Join GitHub today
Decentralized Libvirt #663
This patch moves KubeVirt's design from one that depends on a centralized libvirtd per a node, to one that uses a decentralized libvirtd per a VM pod.
With this new decentralized approach, each VM's qemu process now lives directly within the VM Pod's cgroups and namespaces which means that any storage/network devices in the Pod are available to the VM.
Cloud-init and Registry Disks
Generation and lifecycle management of ephemeral disks have moved from virt-handler to virt-launcher.
This data is now completely self contained (no shared host mounts) within the VM Pod, which means cleanup occurs automatically as a part of the kubelet tearing down the Pod's environment.
Notifications Server and Domain Informer
Previously virt-handler received events about lifecycle changes to a domain through a libvirt event callback.
Now virt-handler receives domain lifecycle events through its notification server. Virt-handler starts a notification server that listens on a unix socket. Each virt-launcher acts as a client to this notification server and forwards domain lifecycle events to it.

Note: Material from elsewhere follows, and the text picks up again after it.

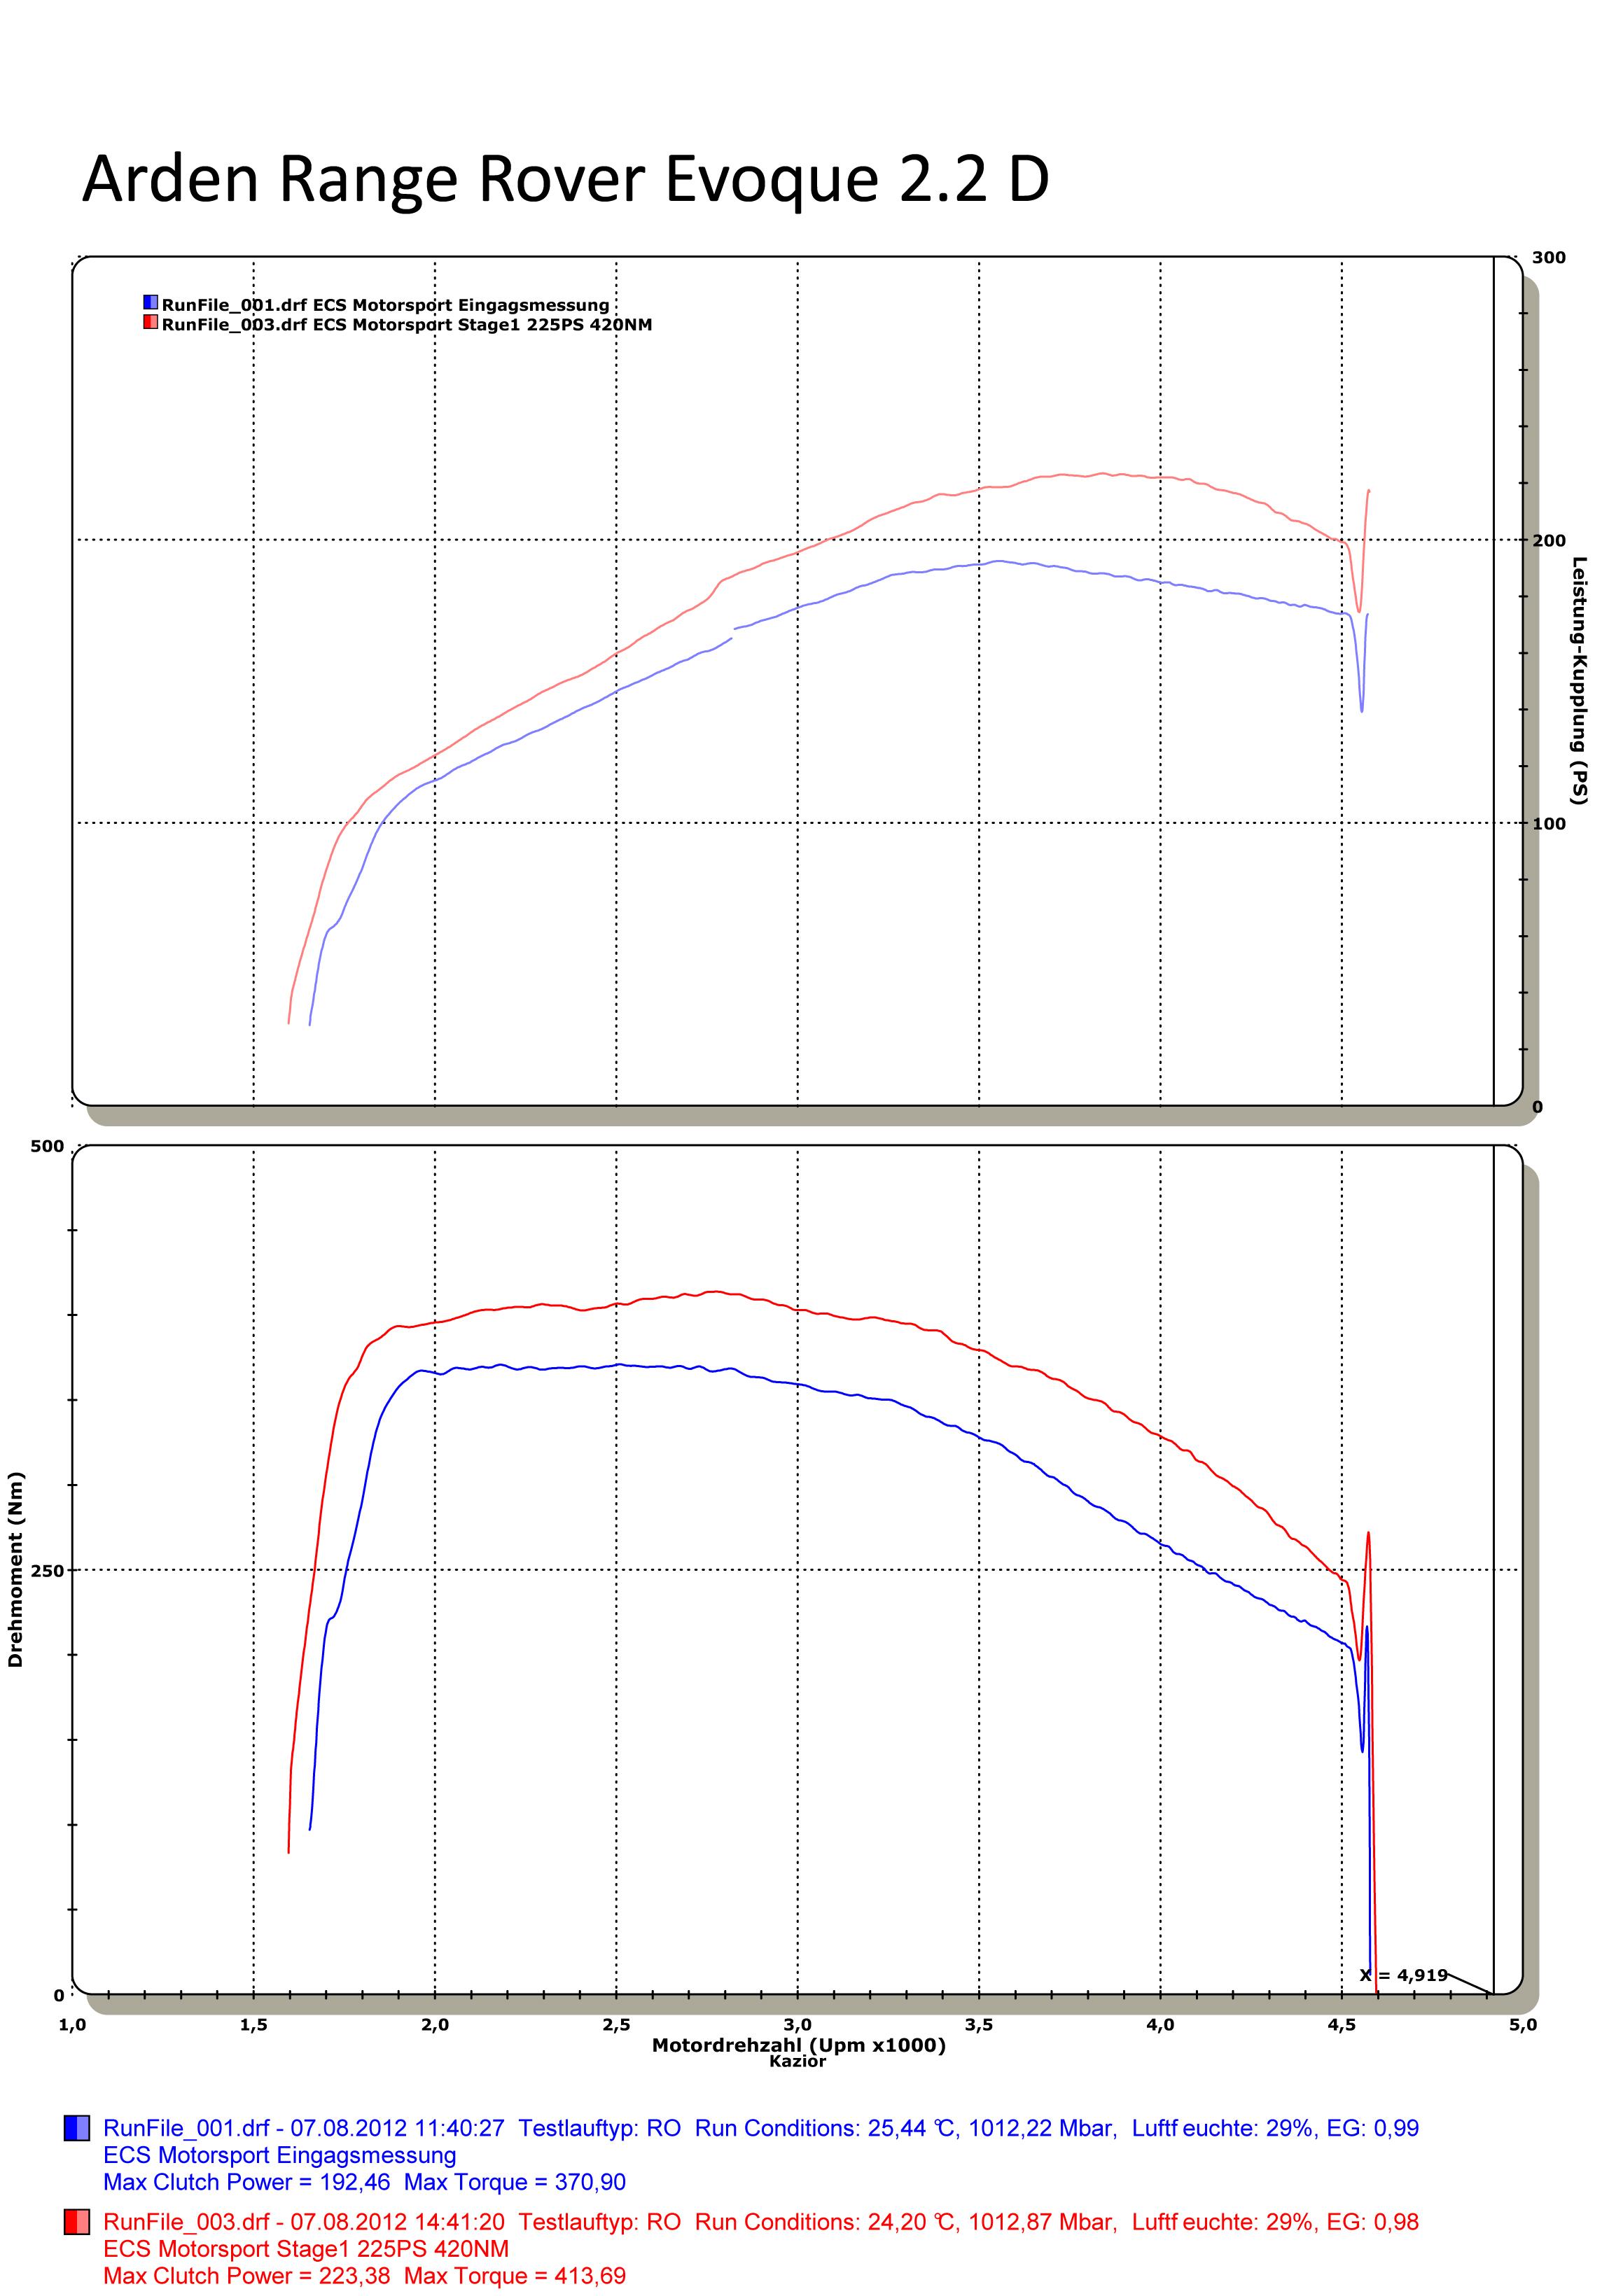 Range Rover Evoque Tuning Exclusive Refinement Arden Diagram Of The Jaguar X Type 3 0 Engine Download

The virt-handler domain informer uses this notification server for its Watch function. The informer's List function iterates over every known virt-launcher present on the local host and requests the latest information about all defined domains.
Virt-launcher Command Server
Each virt-launcher starts a command server that listens on a unix socket as part of the virt-launcher process's initialization.
By design, Virt-launcher has no connection to the k8s api server. The command server allows virt-handler to manage the VM's lifecycle by posting VM specs to virt-launcher to start/stop.
This command server is also how the virt-handler's Domain informer perform's its List function. There's a directory of unix sockets belonging to each virt-launcher. The domain informer List function iterates over each of these sockets and creates a cache of all the active domains on the local node.
Migrations have been disabled
The reasoning for this is migrations depend on network access to the libvirtd process managing the VM. Our plan for networking has the IP provided to each VM pod being taken over by the VM itself, which means processes running in the pod (other than the qemu process) will not have network access in the near future.
This doesn't mean we are abandoning live migrations. It just means we are accepting that migrations are a feature we're willing to sacrifice in the short term in order to simplify the move to a more desirable overall KubeVirt design.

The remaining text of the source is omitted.